Production of bone marrow with trilineage hematopoiesis in HMO is even rarer. Only three HMO cases including our case reported marrow components in the literature [10,19]. Similar to the pathogenesis of HO, two hypotheses for the development of true trilineage hematopoiesis in HMO have been proposed: implantation of circulating peripheral blood CD34+ hematopoietic stem cells (“seeding pathway”), or sharing on-site progenitor cells between ossification and hematopoiesis that differentiate into both osteogenic cells and hematopoietic cells (“on-site pathway”). The currently well-established bone marrow transplantation using CD34+ stem cells in clinical practice and the potential challenge of microenvironmental control in the “on-site pathway” conceptually favor the former. However, either pathway cannot be excluded until evidence emerges in the future.

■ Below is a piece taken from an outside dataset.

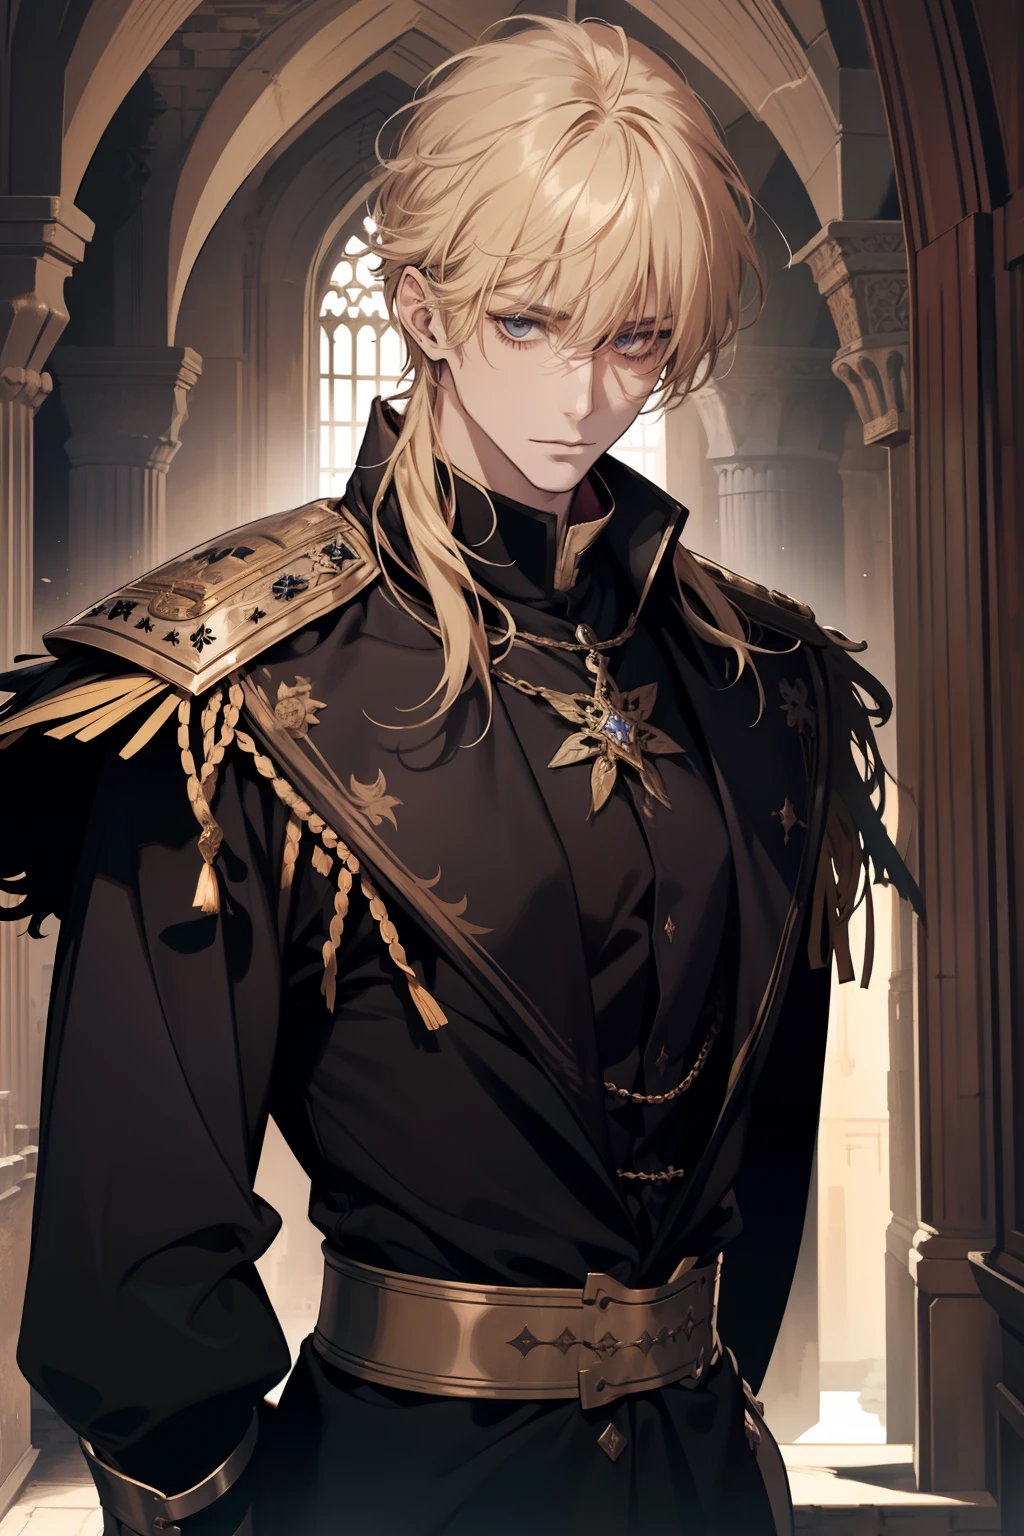 1 male, adult, messy blond hair with bangs, prince, black clothes, handsome, calm, beautiful, condescending, lean body, in a castle, medieval fantasy

The main clinical significance for recognizing HMO is its complications, such as small bowel obstruction, ileus, abortion of surgical procedure due to extensive involvement of mesenteric vasculature [5,8,17,25], and its differential diagnosis from malignancies such as peritoneal carcinomatosis which is important due to relevance in clinical management. Other differential diagnoses include dystrophic calcification (no osteoblasts), leakage of contrast, and foreign materials [12,13,17,22,24]. Clinical management of HMO depends on the presence of symptoms and complications. The surgical procedure to remove the HMO might be necessary for symptomatic patients or for those with severe complications such as ileus or obstruction. Invasive treatment is considered unnecessary for asymptomatic patients [17]. Noninvasive treatments, such as non-steroidal anti-inflammatory drugs (e.g., ibuprofen, indomethacin), diphosphonates (etidronate), or radiation therapy have been reported in early studies [2,7,10], but are rarely seen in recent literature [13,30].

Conclusions

HMO refers to a rare subtype of HO in the mesentery with an unknown etiology. It is predominantly seen in adult male patients with repeated abdominal trauma. Severe complications such as ischemia and small bowel obstruction may occur in HMO patients. Radiological and histological findings of typical zonation phenomenon are helpful to differentiate HMO from other mimics such as malignancy. HMO with true trilineage hematopoiesis is extremely rare. Although multiple hypotheses have been proposed to explain the formation of HMO, underlying molecular pathway(s) for both HMO and ectopic marrow development remain to be elucidated.